Man's body found 42 years ago is identified




Star-Telegram Staff Writer

A homicide victim whose skeletal remains were found 42 years ago in a creek bed near the Benbrook dam finally has a name.

Major case Detective Bryan Jamison said DNA tests have confirmed that the bones are that of Kenneth Bennett Glaze, a 35-year-old man who disappeared from Fort Worth in 1963.

"It was a critical first step," Jamison said of the identification. "I'm glad it happened so quick so we can get down to the business of solving this crime."

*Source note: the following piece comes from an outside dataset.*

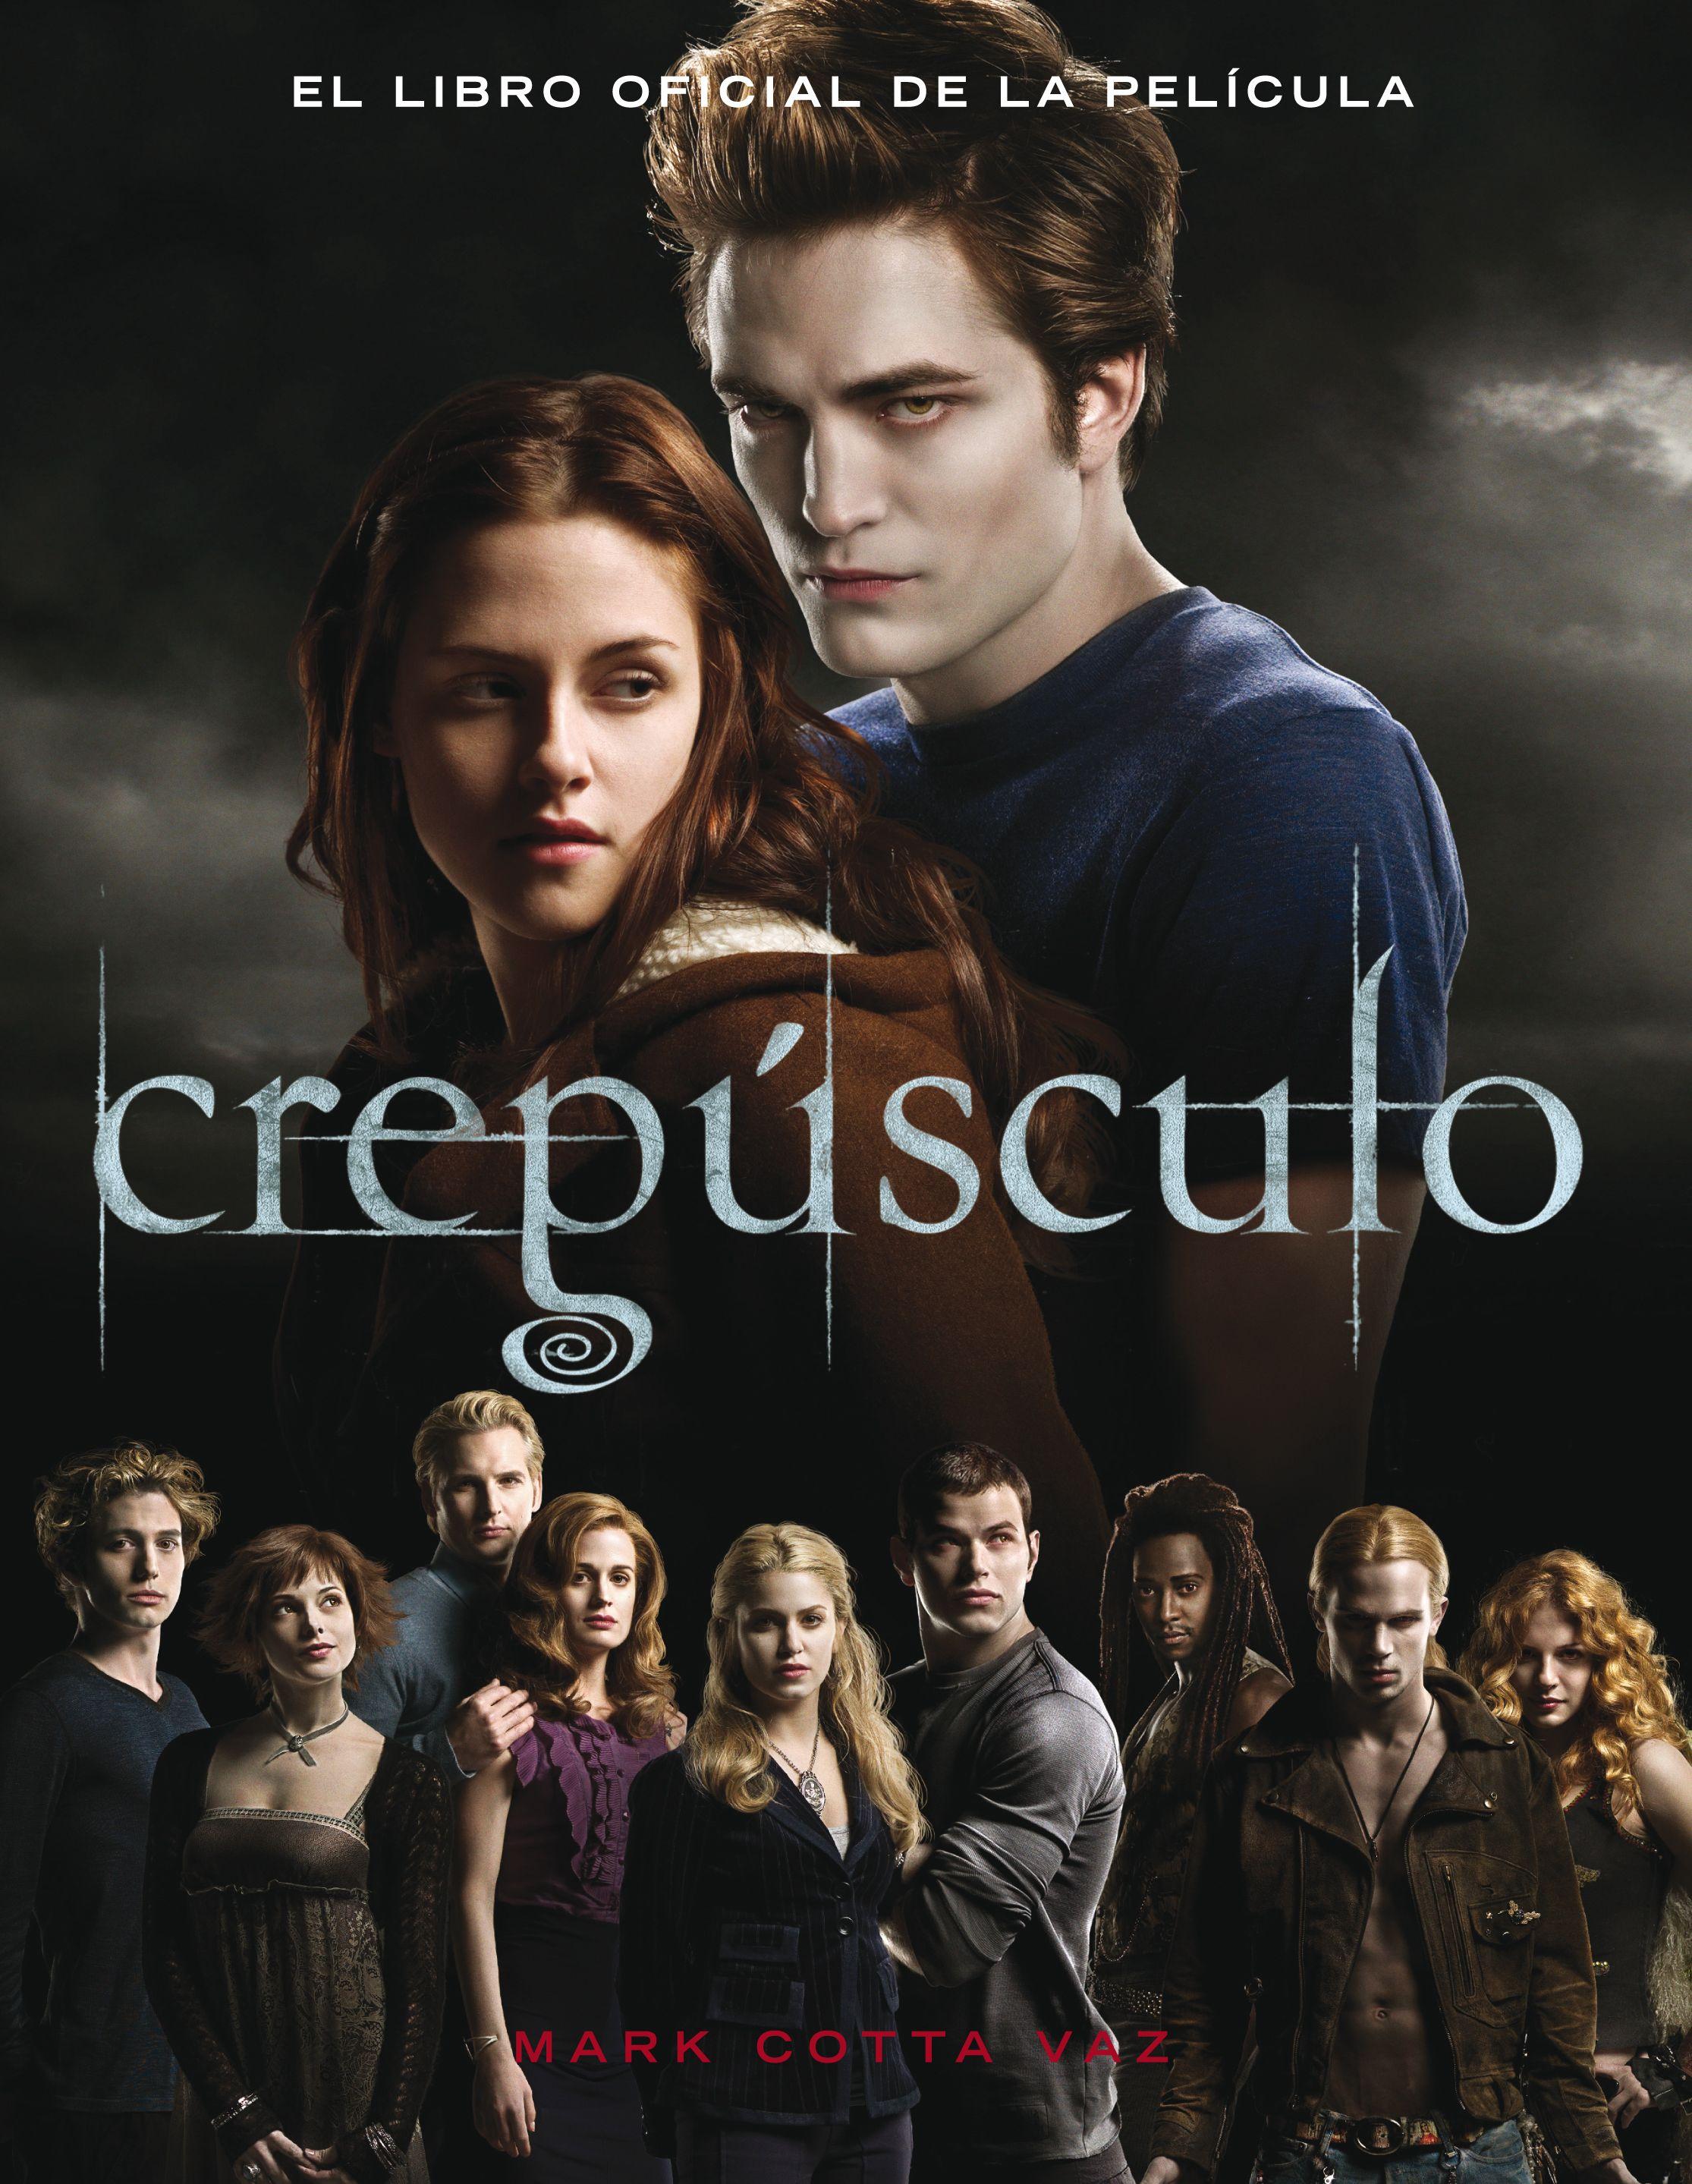 Crepusculo Com Imagens Crepusculo Filme Dialogos

The remains, found Dec. 1, 1963, in unincorporated Tarrant County, were initially thought by authorities to be those of a woman. Investigators released a sketch of the woman's probable features and received tips, but to no avail.

The bones were then sealed away in the Fort Worth police property room, where they remained for more than four decades.

But last winter, crime lab employees stumbled upon the skeleton while going through evidence and turned it over to Dr. Dana Austin, a forensic anthropologist with the Tarrant County Medical Examiner's Office.

Austin reanalyzed the bones and determined that they were, in fact, those of a man. Jamison said the man died from two gunshot wounds.

Forensic artist Suzanne Baldon made a facial reconstruction sculpture of the victim, a photo of which was released to the media in May.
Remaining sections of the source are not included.